Robert Morris’s tidal vision

Exhibit at Ships of the Sea takes you on a maritime journey

THERE ARE few people in this city who know the river better than Robert Morris, who have dreamed of it more often, or have communed with it so deeply.

In his second exhibition at the Ships of the Sea museum, Departures, Morris invites us to dream with him and depart on waves of gauzy impasto into the brilliant fantasy only a river can provide.

The exhibition consisting of nine large works (designed specifically for the space) is on display in the museum’s beautifully-lit high-ceilinged rotating gallery space until July 24.

“The goal here was to create vessels that took the viewer on a journey,” Morris tells me. “I thought about what it is that people relate to when they see these ships and say things to me like, ‘I could sit there and watch ships go down the Savannah River for the rest of my life.’ I realized that they were vicariously departing with the ship to other places, to adventures on the high seas. So I asked myself, what could I do to create vessels in paintings that take people somewhere else, on an imaginative journey, on a spiritual journey?”

Morris, who has been the Georgia Ports Authority’s Director of Corporate Communications for the last 14 years, has had more chances than most to reach a spiritual agreement with the river.

Each of the works in the exhibition represents a different experience for Morris, ranging from the metaphorical arrival of his newborn son to the literal epiphany he experienced while watching a ship emerge through purple winter fog.

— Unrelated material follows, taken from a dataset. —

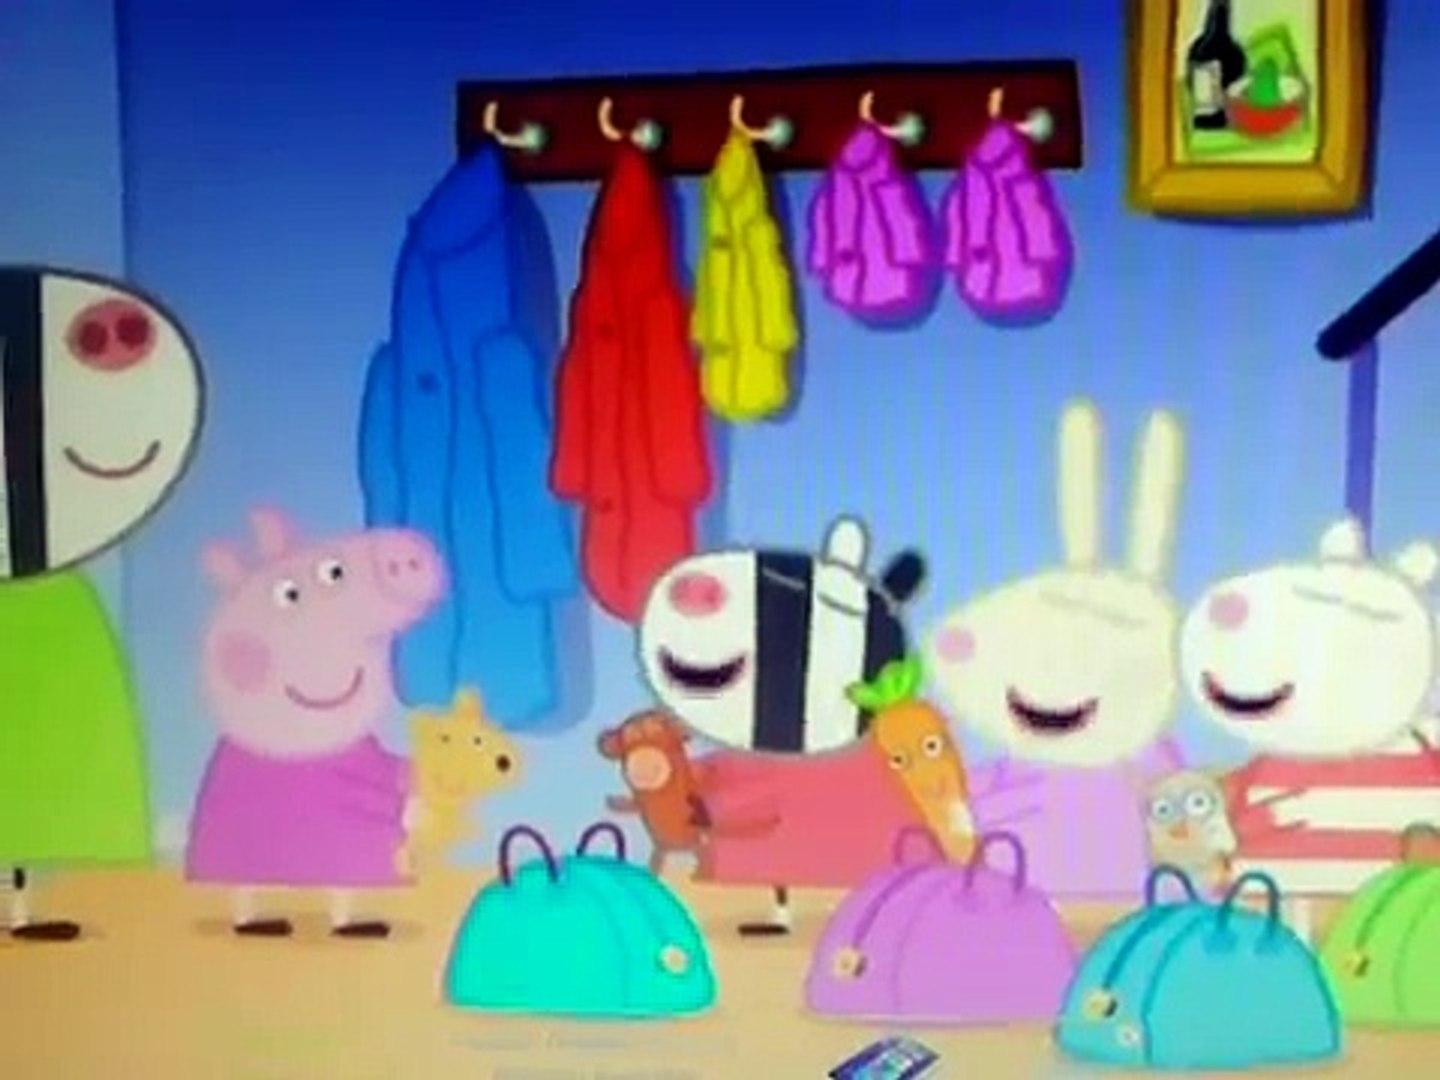 Peppa Pig S02e51 Il pigiama party - video Dailymotion

Each painting buoys us along on an emotional tour. Standing on solid ground, the painted waves on the museum’s tile floor become frustratingly ironic.

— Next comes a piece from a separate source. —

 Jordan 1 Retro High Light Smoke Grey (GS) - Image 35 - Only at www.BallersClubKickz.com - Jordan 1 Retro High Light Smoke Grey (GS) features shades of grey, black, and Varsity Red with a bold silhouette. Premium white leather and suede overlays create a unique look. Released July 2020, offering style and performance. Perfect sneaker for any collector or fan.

All we want is to feel the lull of the tide which Morris’ soft, impressionistic vocabulary so vividly evokes.

“[The work] is not an effort to replicate, but to create out of,” Morris explains.

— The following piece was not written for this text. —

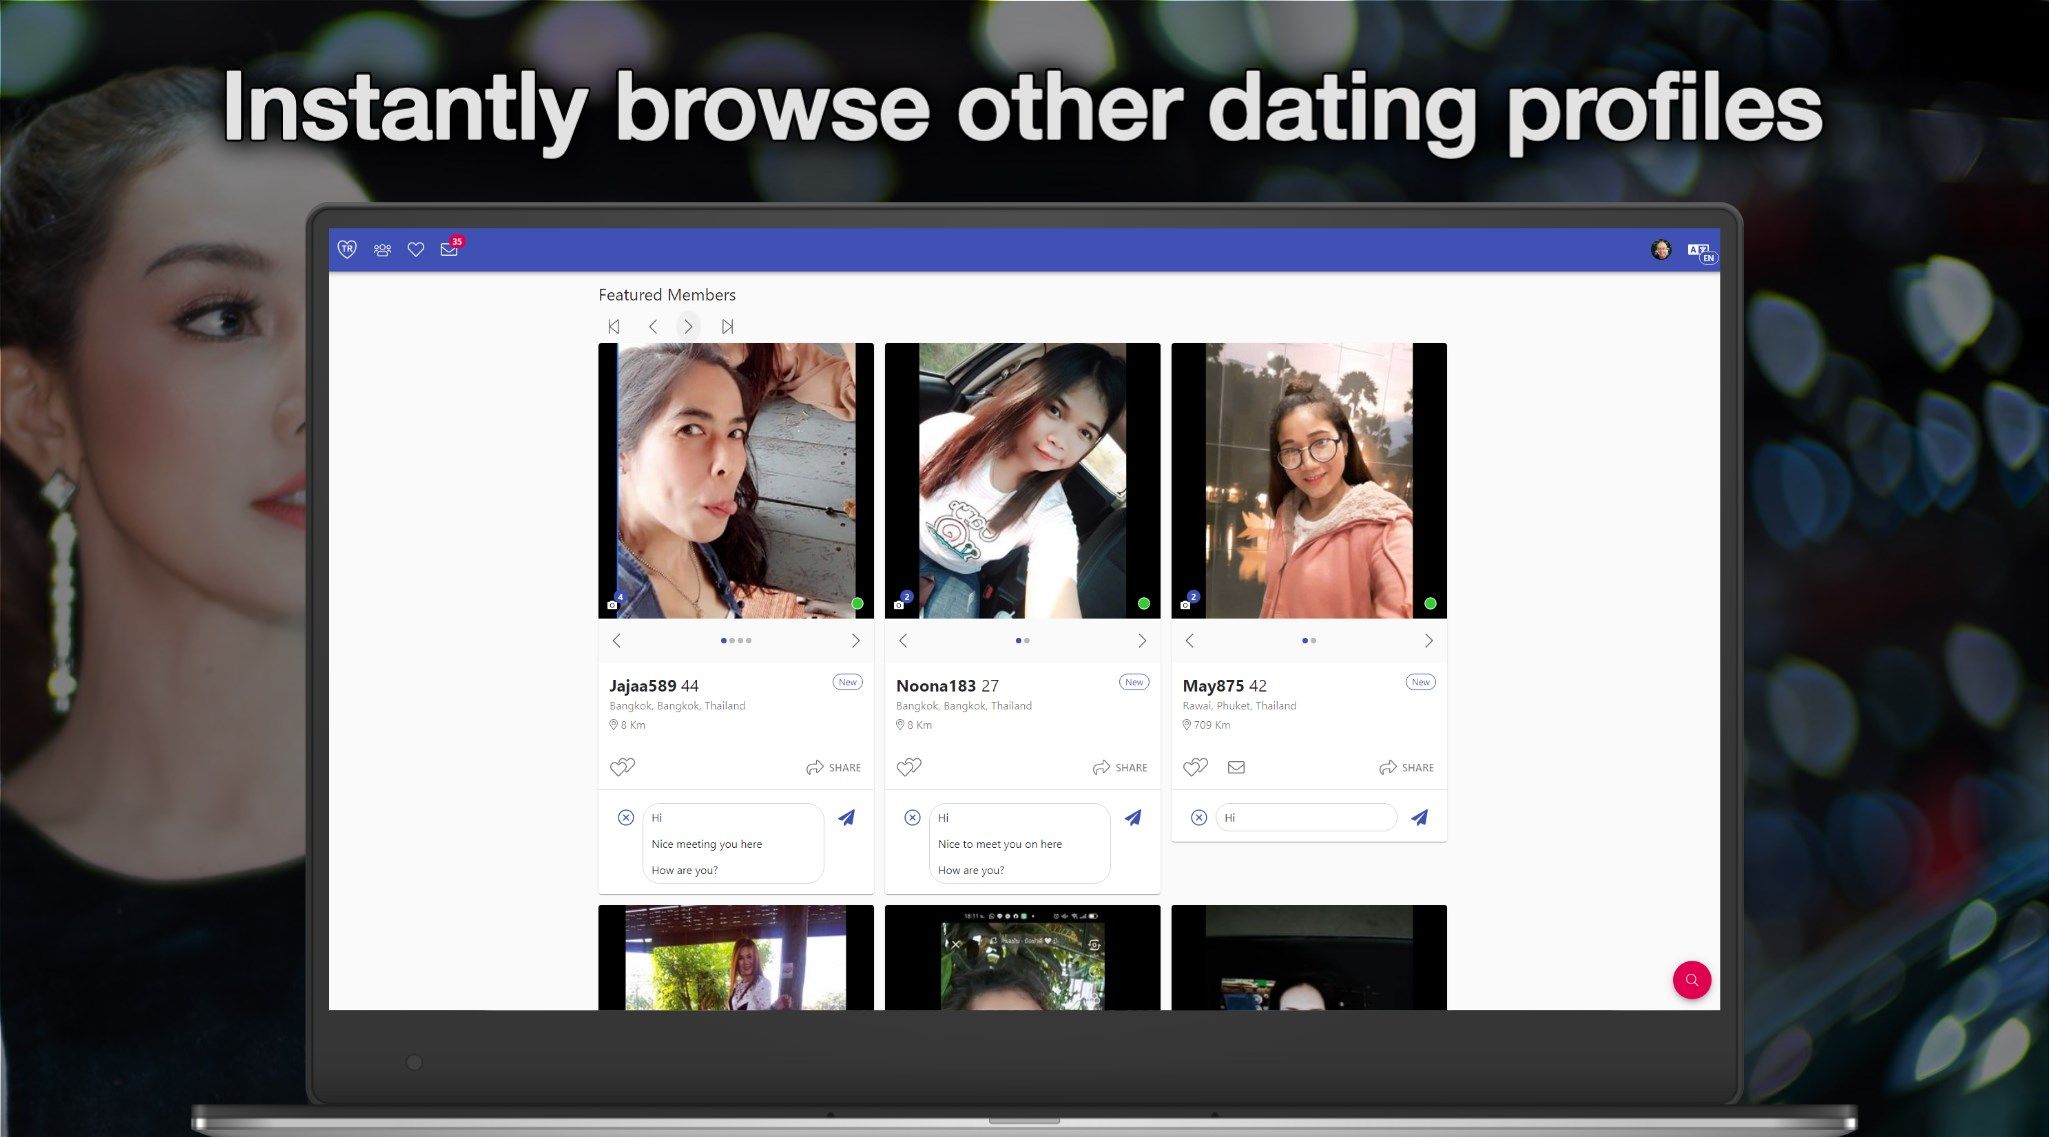 Join and instantly browse other user dating profiles

There’s wisdom here, I think. Another insomnia-curing, photorealistic painting of sunset over the river? We don’t need it. (Even if some of you might want it.)

Work that replicates will never have the same power as work that comments or even carefully considers.

Departures is at its best when it’s at its moodiest–pieces like “Purple Cross”, “Xena” and “Rhapsody on the River” shine and show off Morris’ impressive handling of color and texture. Of course, this is all by careful design.

“I used a lot of techniques to bring the texture and light out,” Morris reveals. “Three layers of gesso, three layers of white fleck or oil tempura as a base and then painting on top of that has allowed a radiance from underneath to come out.”

Inspiration for this technique came from an Indian painter named Vasudeo S. Gaitonde, an influential abstract expressionist whose careful layering techniques seemed to create a glow from within his canvases. Morris found mentorship in the form of Gaitonde’s writings, developing his own techniques for luminescence.

This light from within elevates the work, making it feel polished but not overly so.

Morris may be a trained artist with a professional background painting in a traditional style, but he lacks the pretension that such experience might (to some) portend.

Departures is fixed literally and metaphorically at eye level–while the work clearly comes as a result of Morris’ communion with the river, it is borne from his interest in communing with viewers.

“Each painting presents the audience with an opportunity to depart this world and enter another,” he says.

It’s a rare and special opportunity to be promised a particular experience and not be disappointed.

Eighteen months of work has wrought works like “Night Move” which is undeniably transportive–whether thanks to its swirling brushstrokes, depiction of glowing reflections off the black nighttime river, or a combination of both, I’m not sure.

Even the paintings’ frames are of the river, literally dragged out of it by Morris with the help of his friend and fellow artist Charlie Ellis. When the tide goes out, the men stalk the riverbed, pulling out pieces of forgotten plywood that have been rubbed with nature’s salt and baked by the sun.

“It’s amazing what you can find along the river,” Morris tells me with a grin. “There’s everything. Everything for millennia that’s ever fallen in and broken apart, been dumped or left there is still there in various elements or forms. You can’t build along the river or the tide line and you can’t stop the tide. It’s the one place in Savannah that cannot be changed.”

Morris’ works take us to a place where we can feel the power of the water and marvel at the beauty of our interactions with nature. It’s something organic in a space filled with depictions of the audacity of man.

Instead of the glory of the sailing vessel, Departures celebrates the possibilities a river affords us: departure, return, escape.